[[ Listed records open ]]
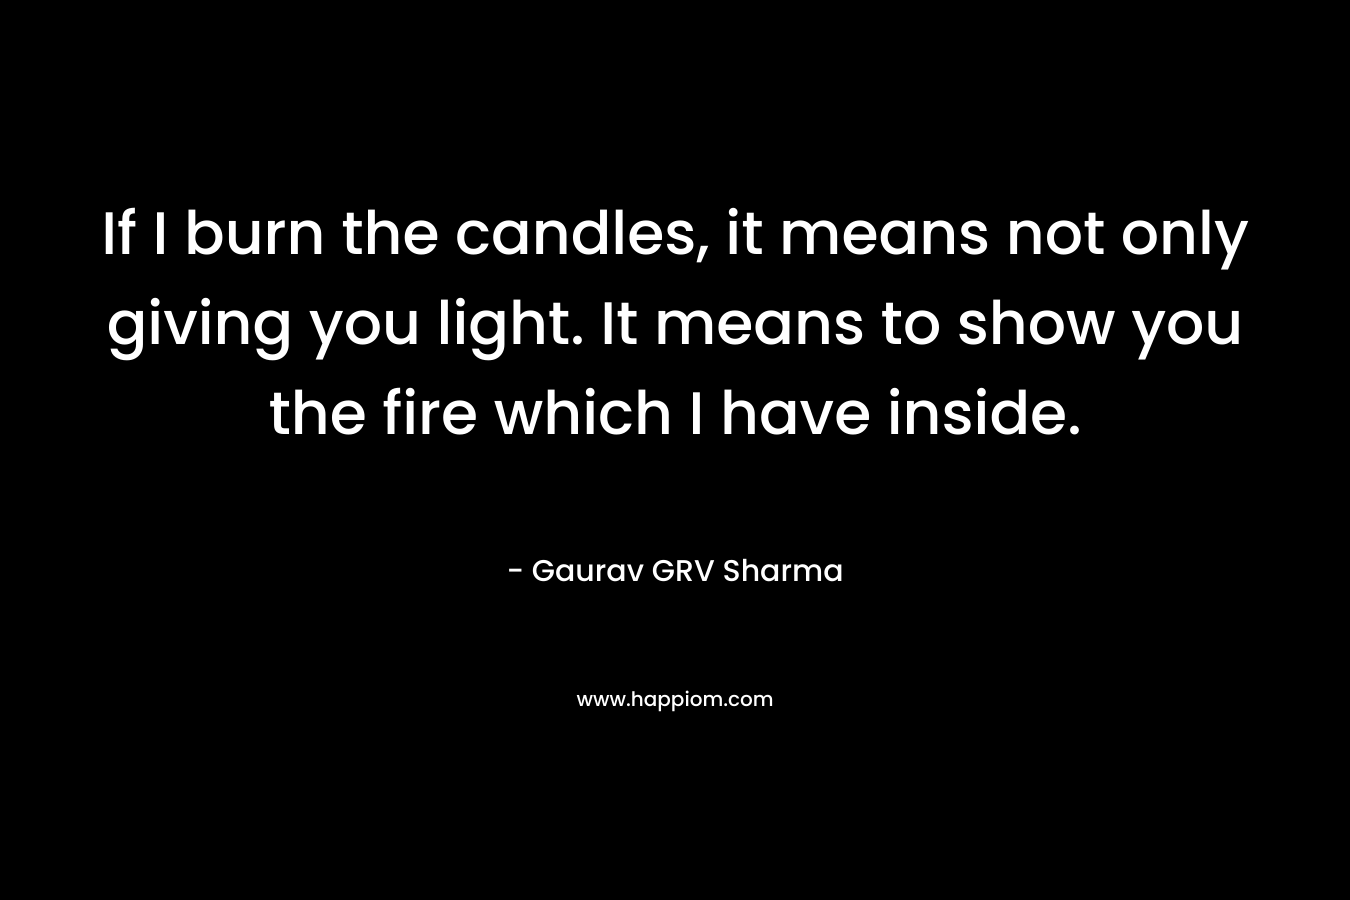 If I burn the candles, it means not only giving you light. It means to show you the fire which I have inside. – Gaurav GRV Sharma
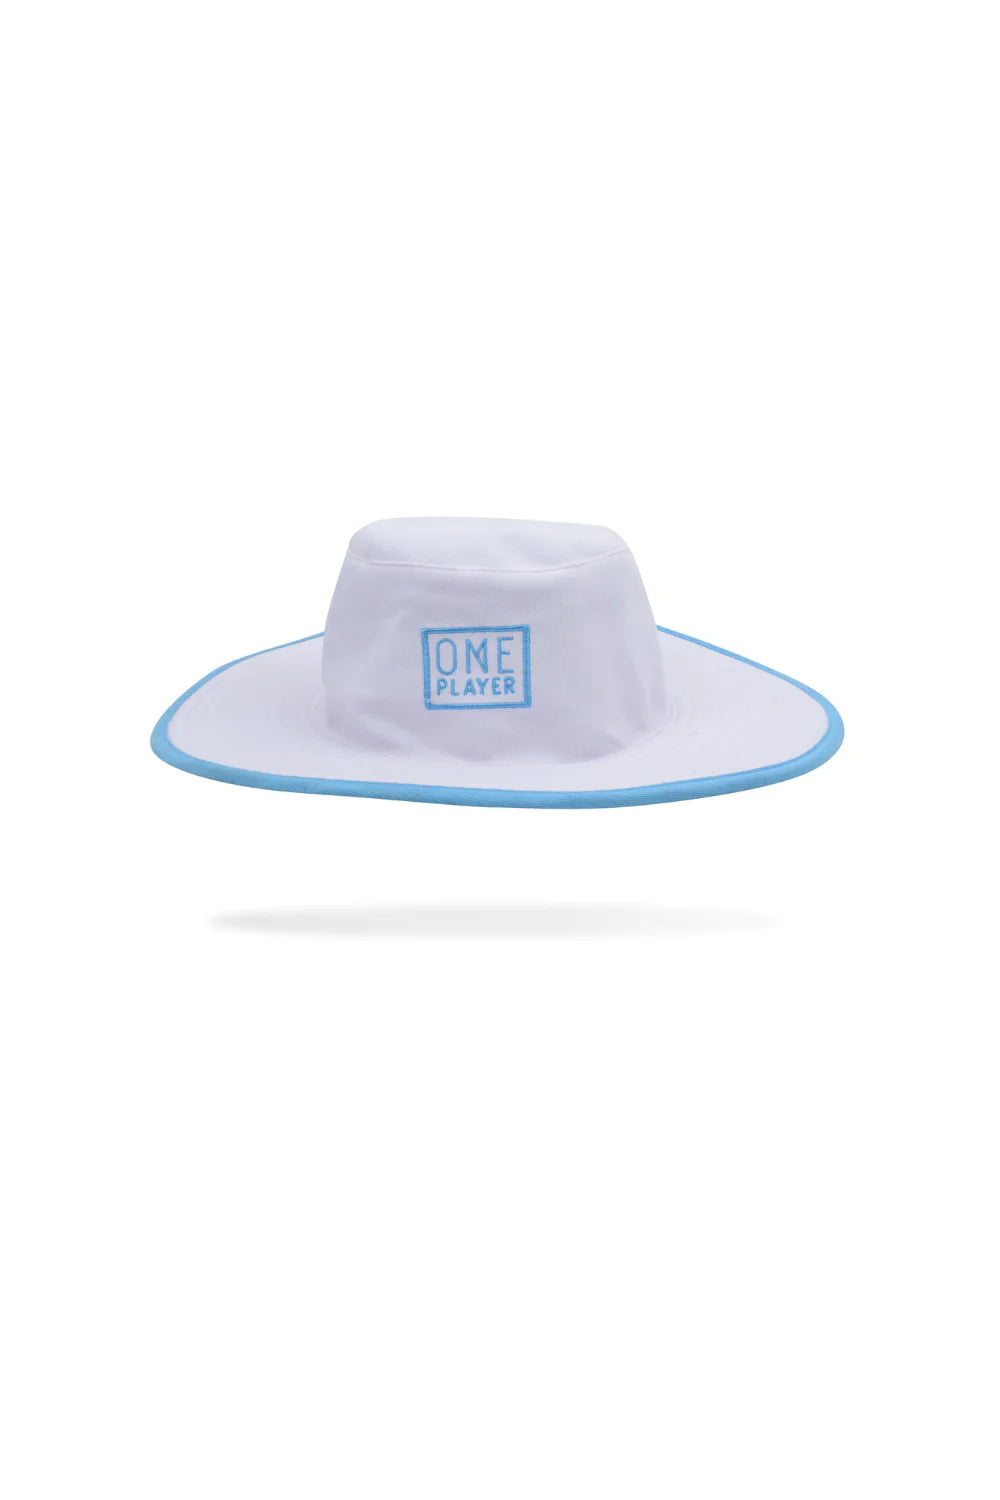 Reversible Blue & White color  Round Hat by One Player
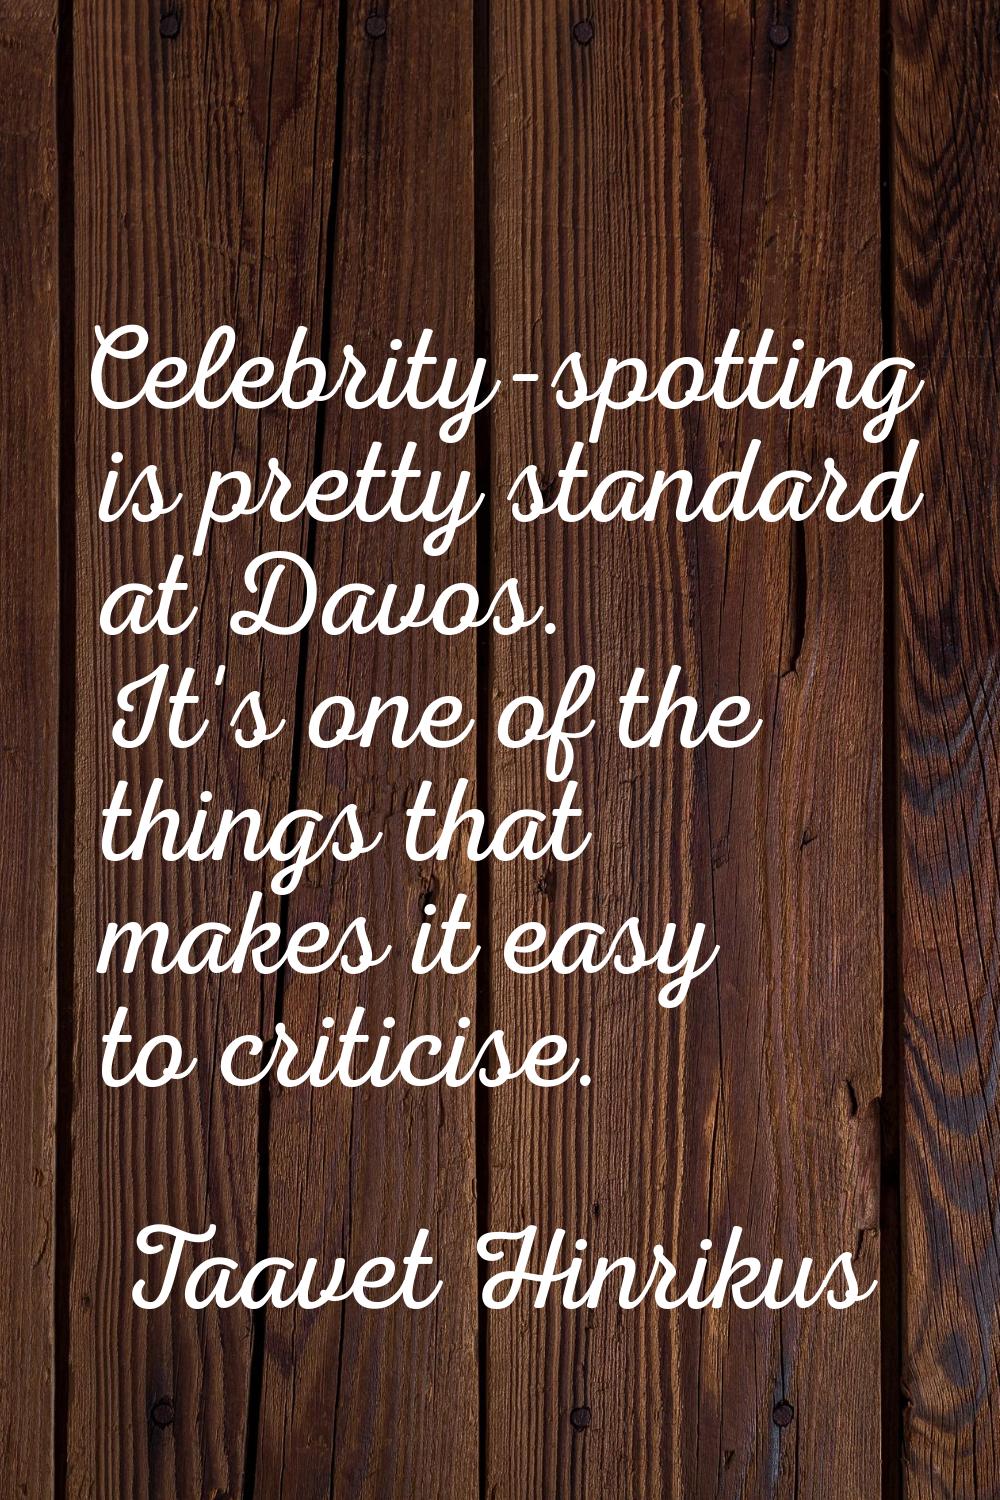 Celebrity-spotting is pretty standard at Davos. It's one of the things that makes it easy to critic
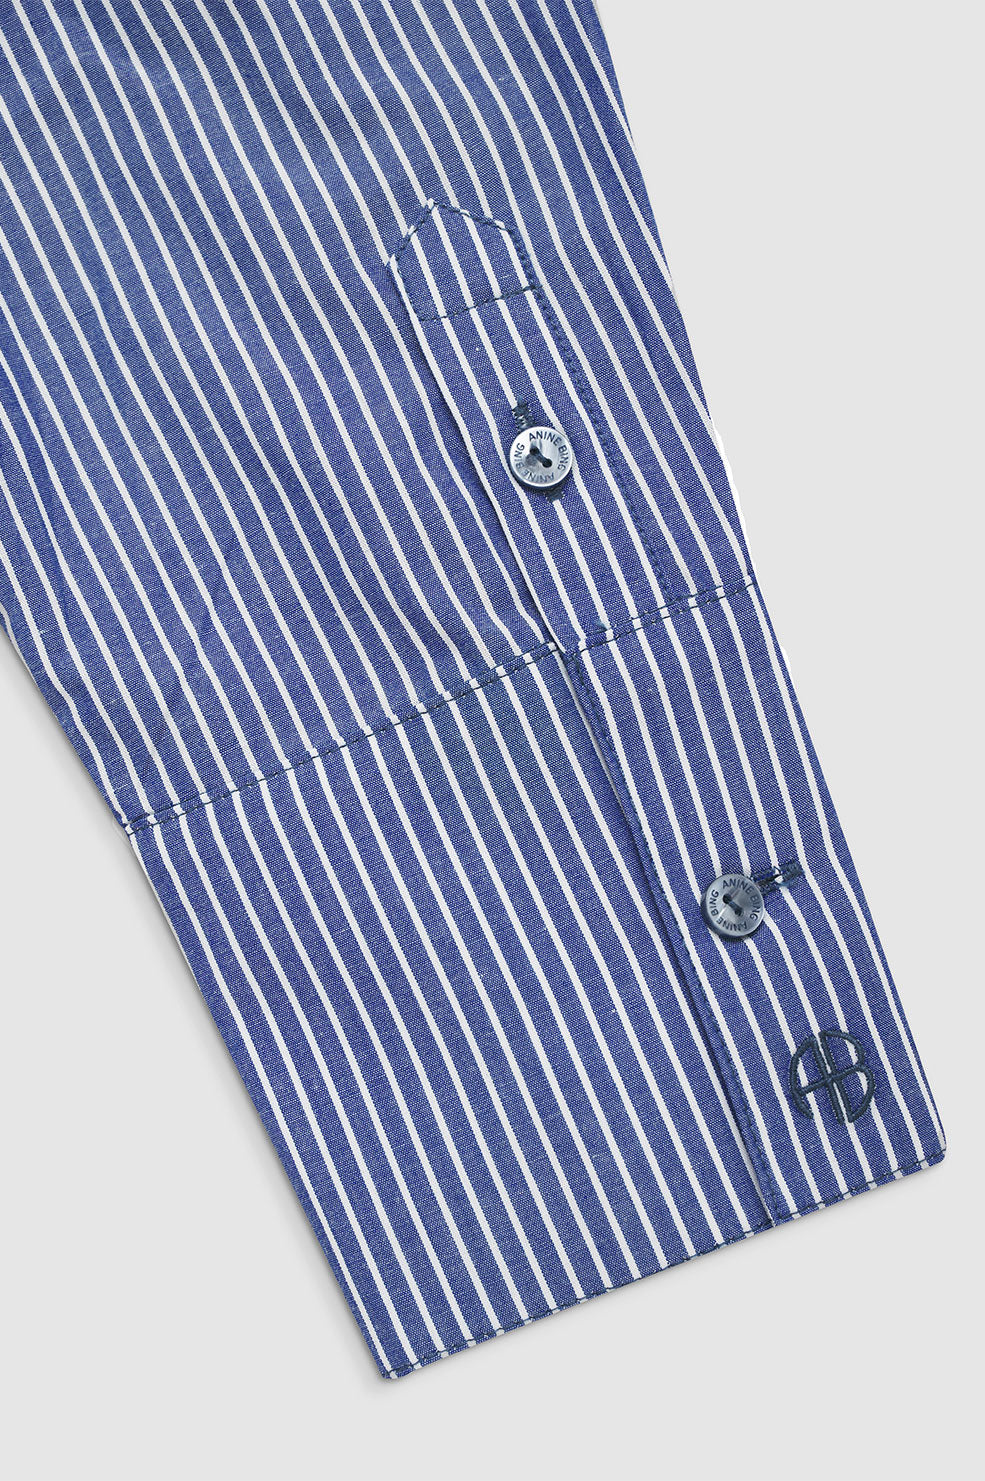 ANINE BING Mika Shirt - Blue And White Stripe - Second Detail View
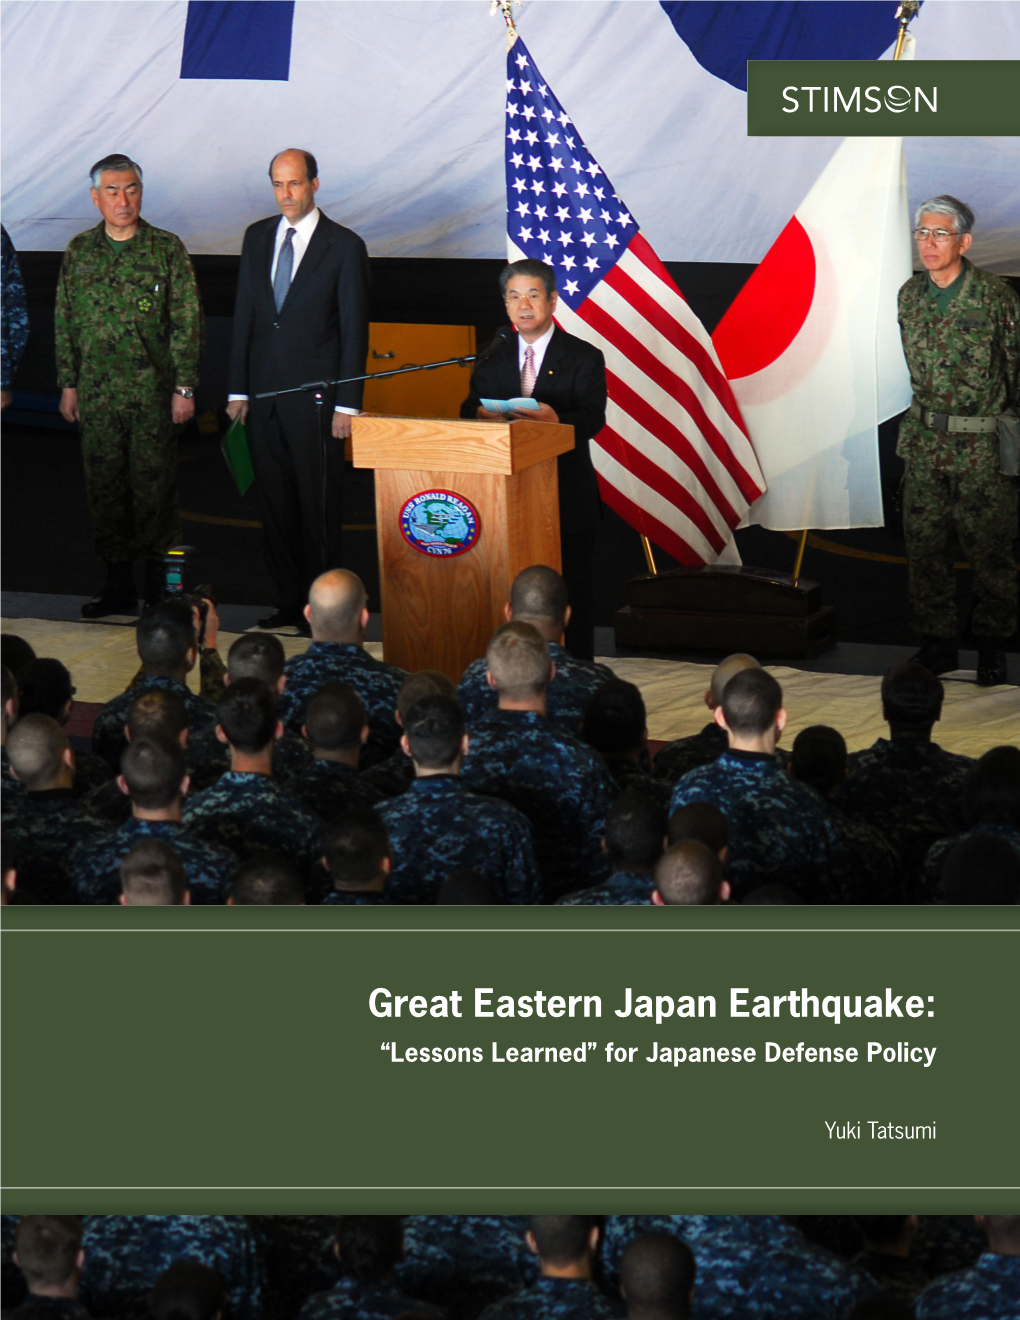 Great Eastern Japan Earthquake: “Lessons Learned” for Japanese Defense Policy
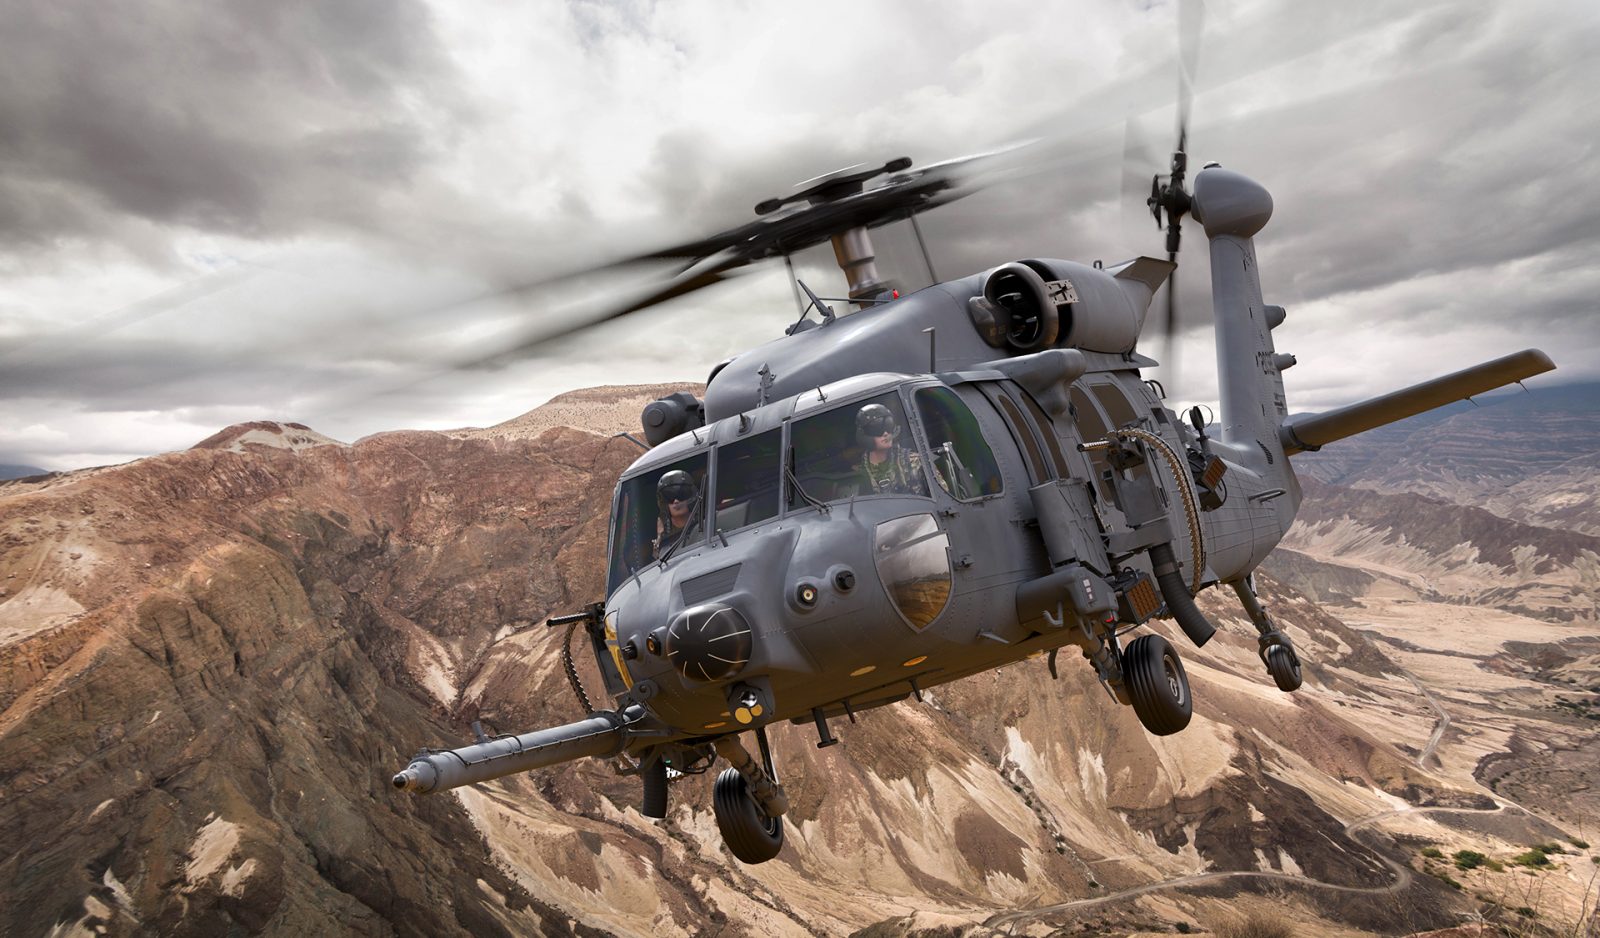 Interesting facts about the Sikorsky HH-60 Pave Hawk; the only Combat Search & Rescue dedicated US helicopter
[[ Listed records closed ]]
**Instructions for the task:** Write out the records in full and exactly, omitting the pictures they hold.

**Answer to this problem:**
 If I burn the candles, it means not only giving you light. It means to show you the fire which I have inside. – Gaurav GRV Sharma
 Reversible Blue & White color  Round Hat by One Player
 Celebrity-spotting is pretty standard at Davos. It's one of the things that makes it easy to critic
 ANINE BING Mika Shirt - Blue And White Stripe - Second Detail View
 Great Eastern Japan Earthquake: “Lessons Learned” for Japanese Defense Policy
 Interesting facts about the Sikorsky HH-60 Pave Hawk; the only Combat Search & Rescue dedicated US helicopter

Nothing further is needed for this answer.